If you haven't already, set up an environment where you can run the code. Here are some options:

  • Configure a Python virtual environment using venv or your tool of choice. To start using the virtual environment, be sure to activate it. To install python, see Install Python.

    #!/bin/bash
# Create a virtual environment
python -m venv .venv
# Activate the virtual environment
source .venv/Scripts/activate # only required for Windows (Git Bash)

  • Use a conda environment. To install Conda, see Install Miniconda.

  • Use a Dev Container in Visual Studio Code or GitHub Codespaces.

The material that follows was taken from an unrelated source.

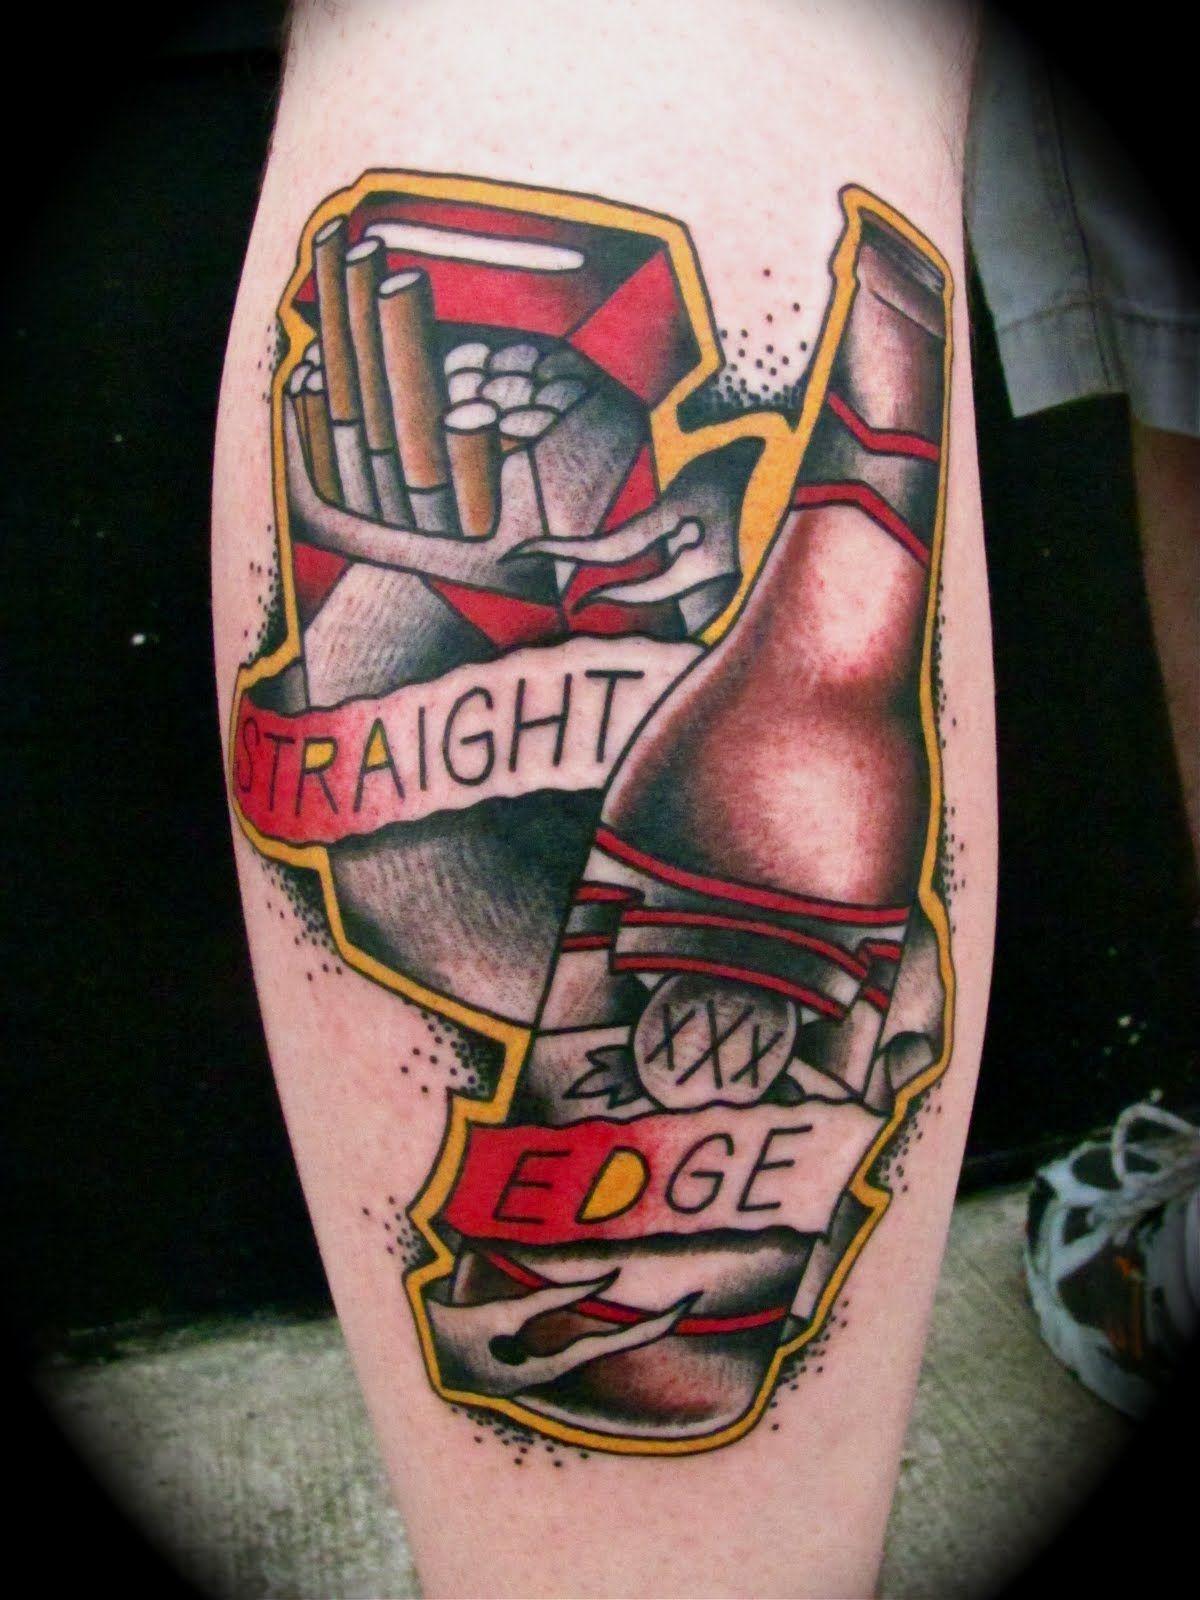 Straight Edge Tattoos: Food Tattoos, Straight Edge Tattoo, Tattoos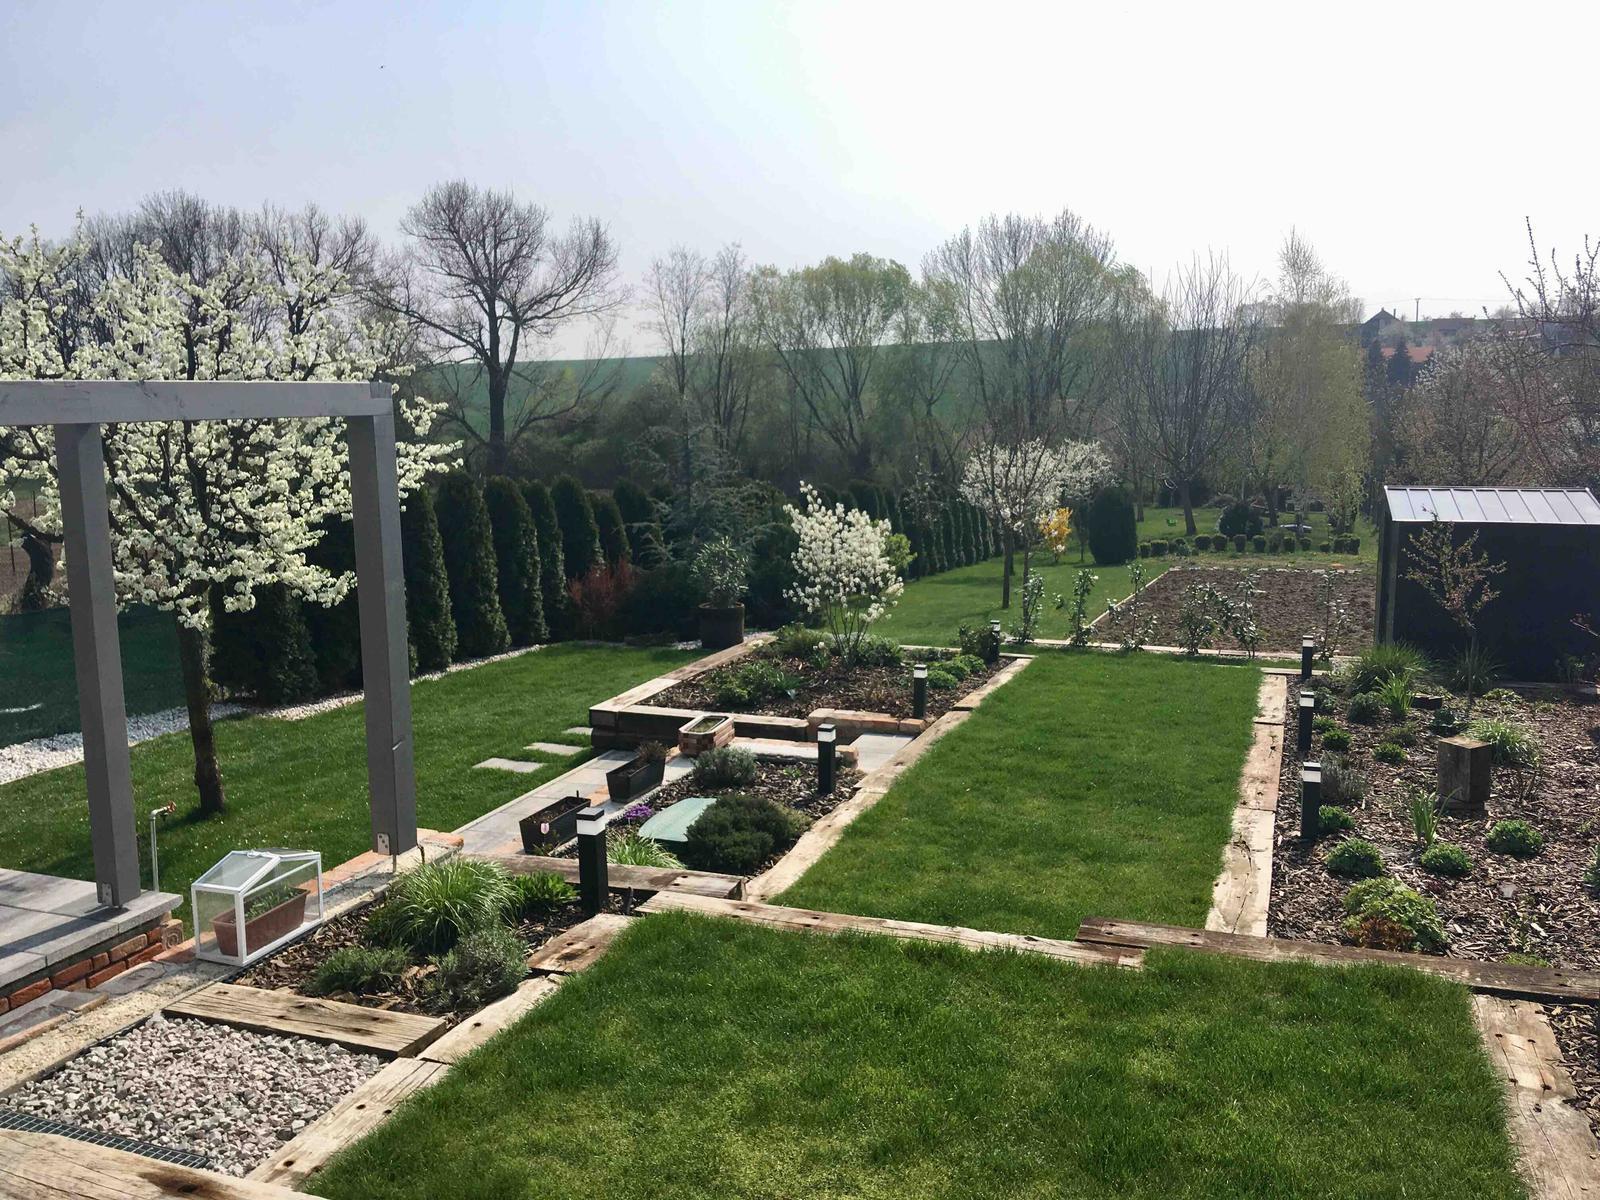 Názov stavby 3 - in da garden - slivky a muchovník v jarnej kráse

2: Install the needed Azure library packages

In this step, you install the Azure SDK libraries needed to create the database.

  1. In your console, create a requirements.txt file that lists the management libraries used in this example:

    azure-mgmt-resource
azure-mgmt-rdbms
azure-identity
mysql-connector-python

    Note

    The mysql-connector-python library isn't part of the Azure SDK. It's a third-party library you can use to connect to MySQL databases. You can also use other libraries, such as PyMySQL or SQLAlchemy.

  2. In your console with the virtual environment activated, install the requirements:

    pip install -r requirements.txt

    Note

    On Windows, attempting to install the mysql library into a 32-bit Python library produces an error about the mysql.h file. In this case, install a 64-bit version of Python and try again.

3. Set environment variables

In this step, you set environment variables for use in the code in this article. The code uses the os.environ method to retrieve the values.

#!/bin/bash
export AZURE_RESOURCE_GROUP_NAME=<ResourceGroupName> # Change to your preferred resource group name
export LOCATION=<Location> # Change to your preferred region
export AZURE_SUBSCRIPTION_ID=$(az account show --query id --output tsv)
export PUBLIC_IP_ADDRESS=$(curl -s https://api.ipify.org)
export DB_SERVER_NAME=<DB_Server_Name> # Change to your preferred DB server name
export DB_ADMIN_NAME=<DB_Admin_Name> # Change to your preferred admin name
export DB_ADMIN_PASSWORD=<DB_Admin_Password> # Change to your preferred admin password
export DB_NAME=<DB_Name> # Change to your preferred database name
export DB_PORT=3306
export DB_SERVER_VERSION=EIGHT0_21

4: Write code to create and configure a MySQL Flexible Server with a database

In this step, you create a Python file named provision_db.py with the following code. This script uses the Azure SDK for Python management libraries to create a resource group, a MySQL flexible server, and a database on that server.

import random, os
from azure.identity import DefaultAzureCredential
from azure.mgmt.resource import ResourceManagementClient
from azure.mgmt.rdbms.mysql_flexibleservers import MySQLManagementClient
from azure.mgmt.rdbms.mysql_flexibleservers.models import Server, ServerVersion

# Acquire a credential object using CLI-based authentication.
credential = DefaultAzureCredential()

# Retrieve subscription ID from environment variable
subscription_id = os.environ["AZURE_SUBSCRIPTION_ID"]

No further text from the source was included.